An example of the mapping \(\mathcal {M}:\mathcal {S}_n\rightarrow \mathcal {R}_n\)

To calculate \(r(n):=|\mathcal {R}_n|\), let us first calculate p(n) which is the number of red-green paths of length n with no two adjacent red nodes and an even number of red nodes. It is straightforward to compute the starting values p(1), p(2), p(3), and p(4). Furthermore, we have \(p(n)=p(n-1)+p(n-4)+\cdots +p(1)+2\) for \(n\ge 5\). This is true because if for an n-node path \(v_0\cdots , v_{n-1}\) we color \(v_0\) with green, then there are \(p(n-1)\) ways to color the remaining part. If we color \(v_0\) red, then the second node must be green and then there must be at least one red node from \(v_2\) to \(v_{n-1}\) (since there must be an even number of red nodes). Let \(v_j\) be the smallest j between 2 and \(n-1\) for which \(v_j\) is red. If \(j\le n-3\), then \(v_{j+1}\) must be green and the remaining part can be colored in \(p(n-j-2)\) ways. If \(j=n-2\), then \(v_{n-1}\) must be colored green, which gives 1 coloring. \(j=n-1\) also gives one coloring. This justifies the recursion \(p(n)=p(n-1)+p(n-4)+\cdots +p(1)+2\) for \(n\ge 5\). This is a Fibonacci-type of sequence, which can be lower and upper bounded by \(\Phi ^n\), up to a constant factor. Thus, we conclude that \(r(n)=\Theta (\Phi ^n)\). We clearly have \(r(n)\le p(n)\). Furthermore, if we color \(v_0\) in a cycle \(C_n = (v_0,\cdots , v_{n-1})\) green, then the remaining nodes can be colored in \(p(n-1)\) ways. Thus, we have \(p(n-1)=\Theta (\Phi ^{n-1})\le r(n)\le p(n)=\Theta (\Phi ^n)\). This implies that \(s(n)=\Theta (\Phi ^n)\) since \(s(n)=2r(n)\). (Actually if we solve the recursion accurately, we get s(n) is equal to \(\Phi ^n\), up to some additive terms of smaller orders.)

3 Winning sets

How small could a winning set be? Berger [14], surprisingly, proved that there exist arbitrarily large graphs which have winning sets of constant-size in MM. Actually, a proof was sketched that this statement holds regardless of the tie-breaking rule. This is stated more formally in Theorem 3.1 and for the sake of completeness a full proof is given in the appendix, Sect. 1.

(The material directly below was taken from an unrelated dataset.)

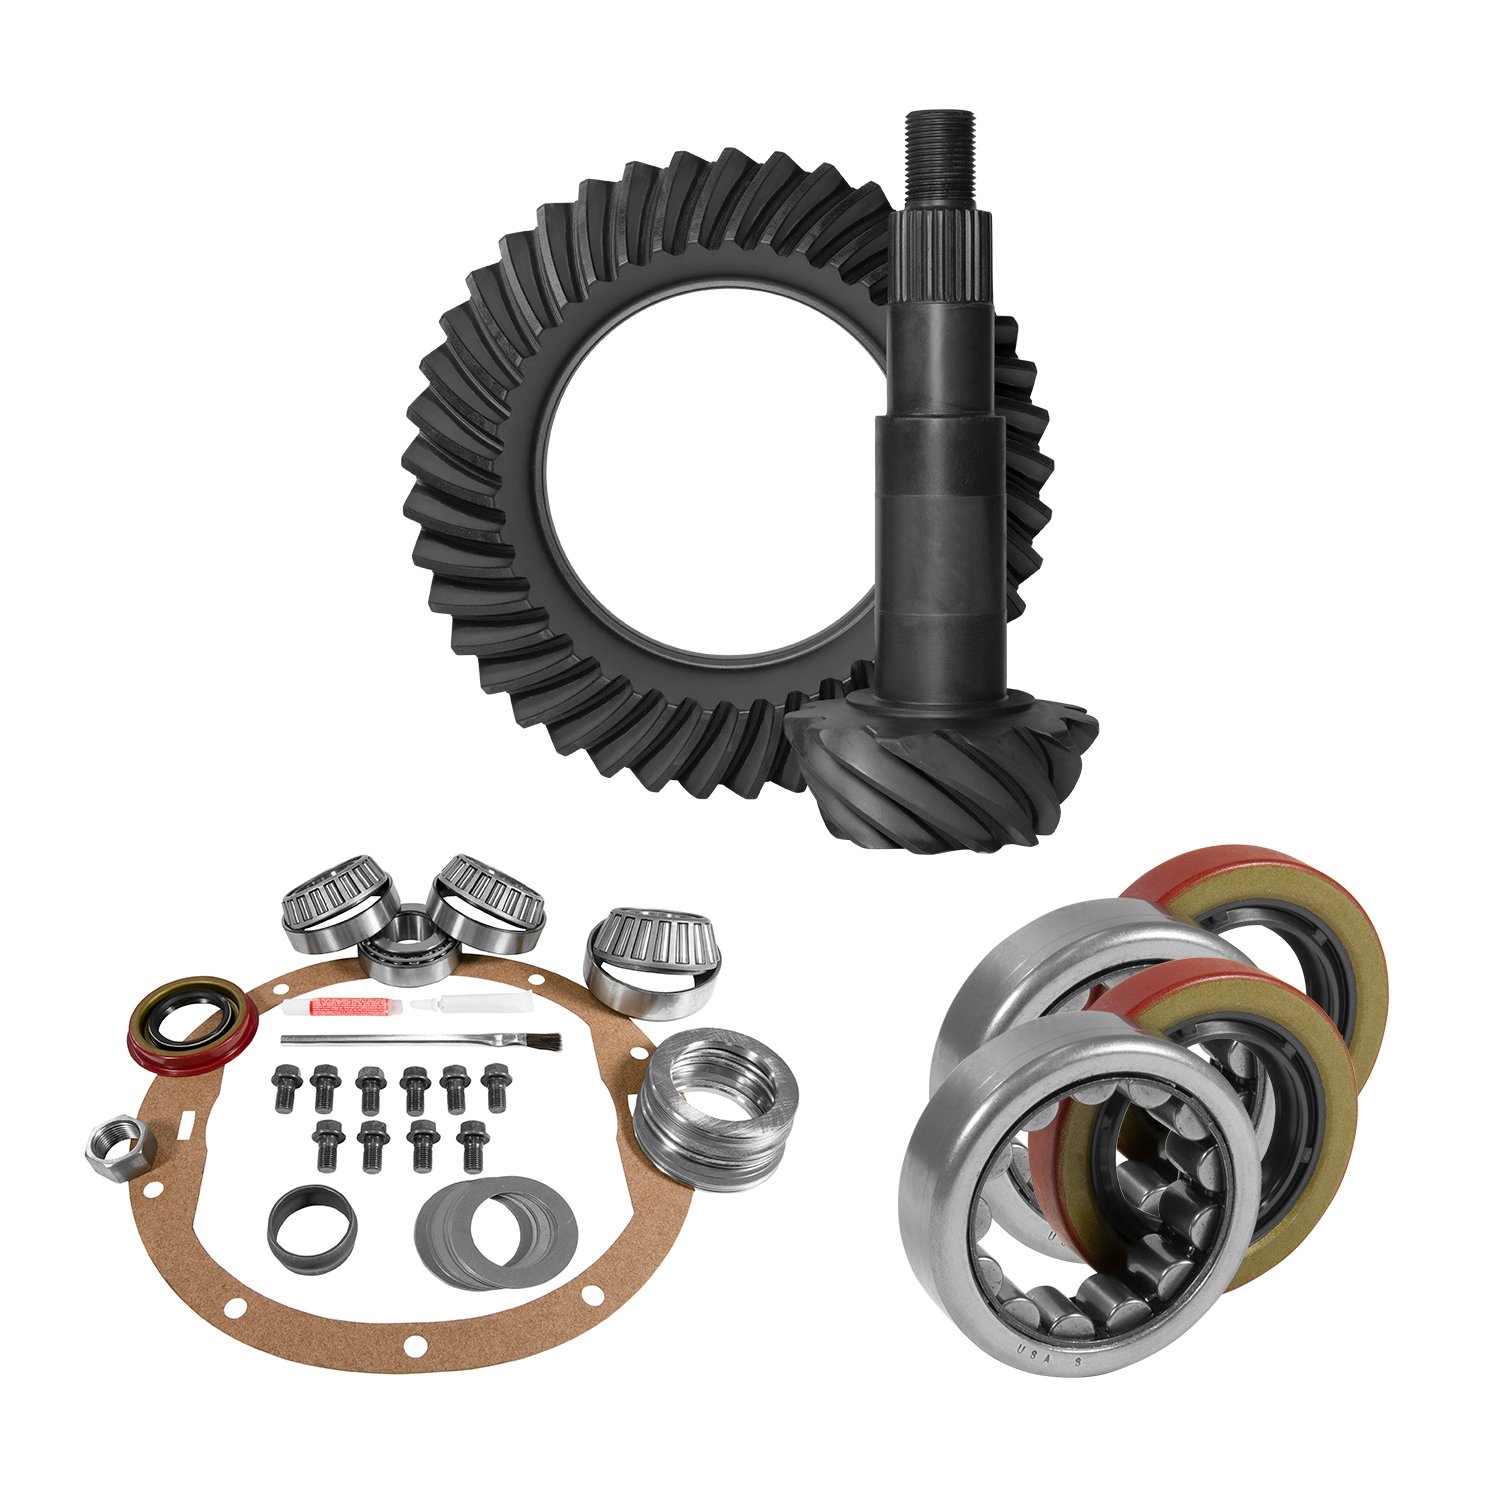 USA Standard 10665 8.2 in. GM 3.55 Rear Ring & Pinion Install Kit, 2.25 in. Od Axle Bearings & Seals

Majoirty Rule. We say a model follows the majority rule if in each round, every node updates its color to the most frequent color in its neighborhood, and a tie is broken in any arbitrary manner. This in particular includes MM and RMM.

Theorem 3.1

For every positive integer k and a model which follows the majority rule, there is an n-node graph with \(n\ge k\), which has a winning set of size 36.

Theorem 3.2

In RMM on a cycle \(C_n = (v_0, \cdots , v_{n-1})\), the only winning set is the set of all nodes. In MM on \(C_n\), the minimum size of a winning set is equal to \(\lfloor n/2\rfloor +1\).

Proof

For RMM, it suffices to prove that if there is even one white node in the initial coloring, there is a non-zero probability that the process does not reach the blue coloring. Let one white node form an alternating path of length one and the rest of the cycle be blue. Then, it is possible that the alternating path grows from both sides in each round. After \(\lceil n/2\rceil -1\) rounds, the process reaches the blinking configuration (if n is even) and a coloring with two adjacent white nodes (if n is odd). In the first case the process never reaches the blue coloring and in the second one it is possible that this white path grows in each round until the process reaches the white coloring. Thus, there is no winning set of size \(n-1\) or smaller.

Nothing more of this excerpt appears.